278.rakel, rash, hasty; afterwards altered to rake-hell, by a curious popular etymology; and then shortened to rake, as in the phrase ‘a dissolute rake.’ See rake (2) in my Etym. Dictionary. Cf. l. 283.

279.trouble, adj., troubled, clouded, obscured. Tyrwhitt explains it by ‘dark, gloomy,’ with reference to its occurrence in E. 465 above. And see Pers. Tale, I. 537.

Compare the Friar’s sermon, on the subject of Ire, in D. 2005–2088, and the description of the same in the Pers. Tale, I. 535–561.

290.fordoon, destroyed. For and (as in E. Cm.) Hn. Cp. Pt.

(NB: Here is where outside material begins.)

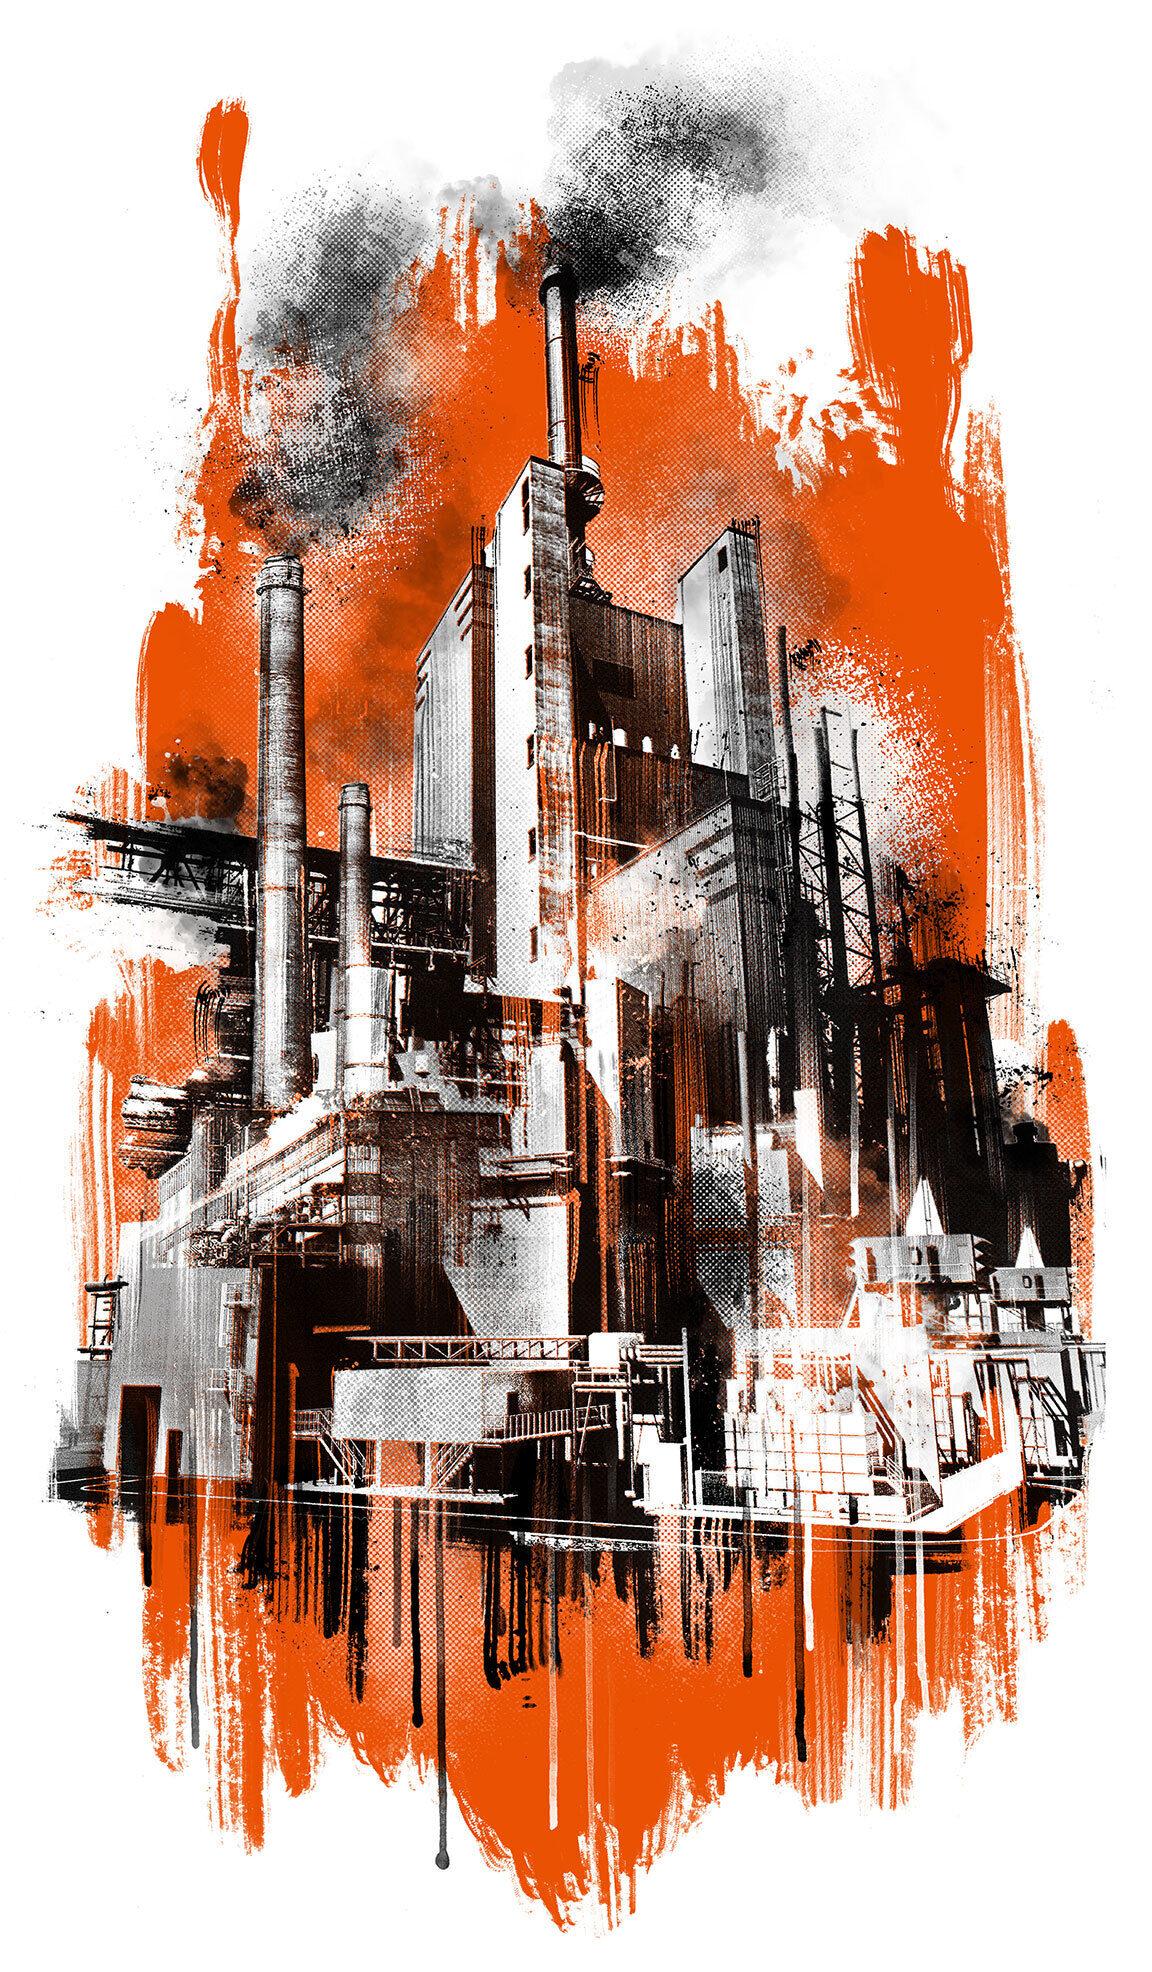 Konzern initiative - Kornel Illustration | Kornel Stadler portfolio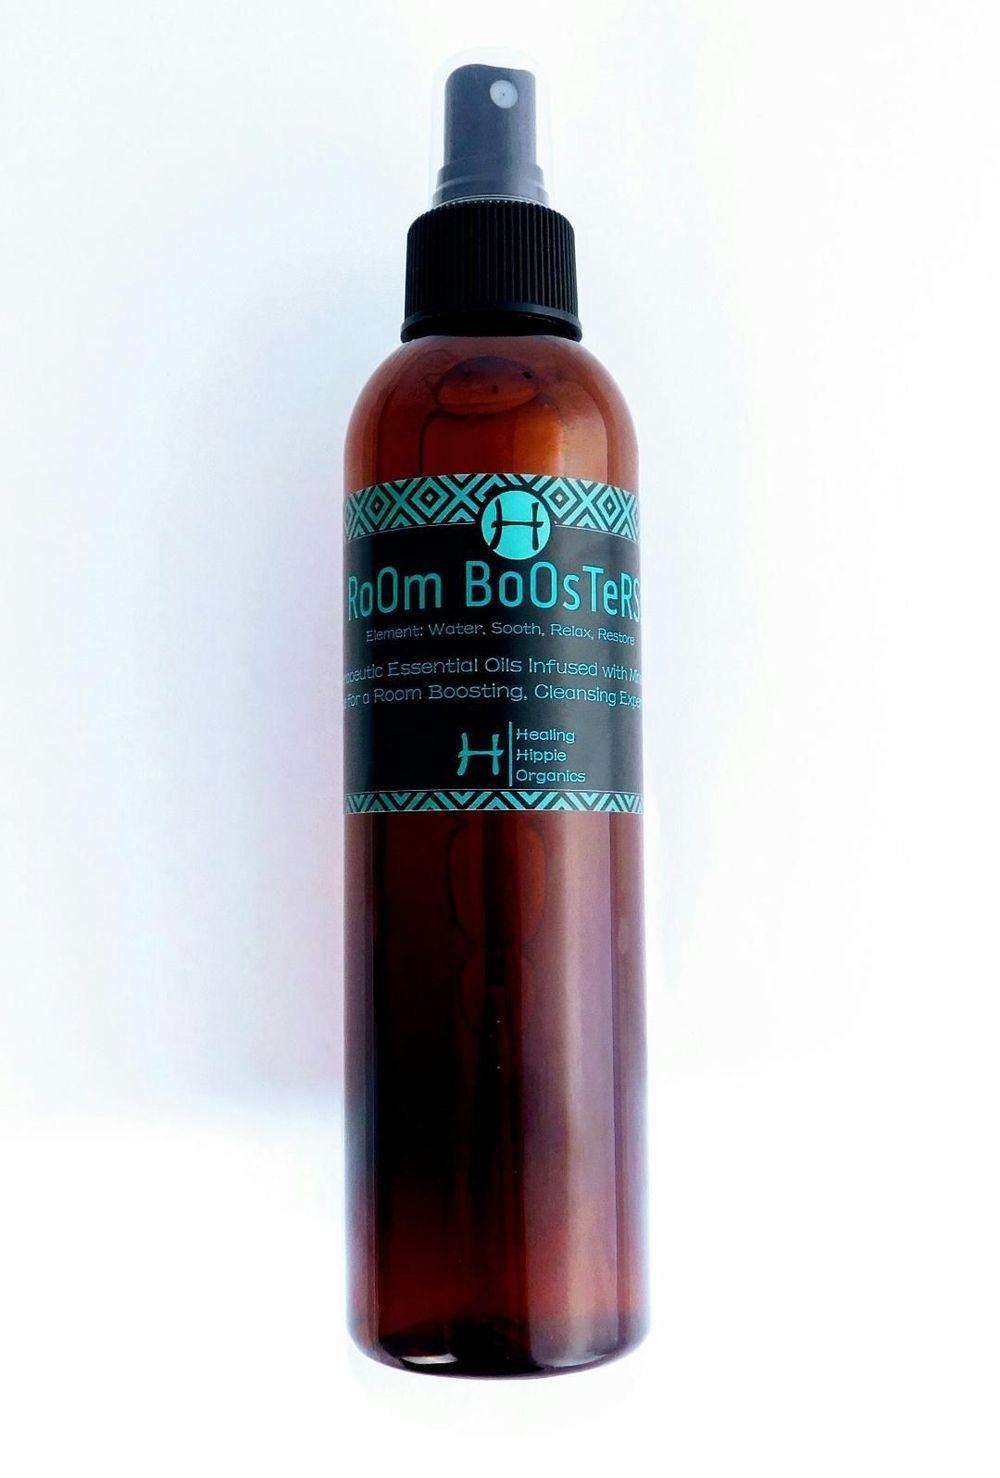 Room Boosters, Healing Hippie Organics, Boise, Idaho, USA

Ln. have or.

In place of this line, Hl. has the following extraordinary variation:—

‘Fordoon, or dun hath brought hem in the myre.’

This shews that the scribe remembered the fifth line in the Manciple’s Prologue, and thought fit to re-introduce it here, where it is wholly out of place. This is one of the many signs of the untrustworthiness of this grossly over-rated MS.

294.songe, didst sing; A. S. sunge.

301. See the Parl. of Foules, l. 363, and the note (vol. i. pp. 520–1).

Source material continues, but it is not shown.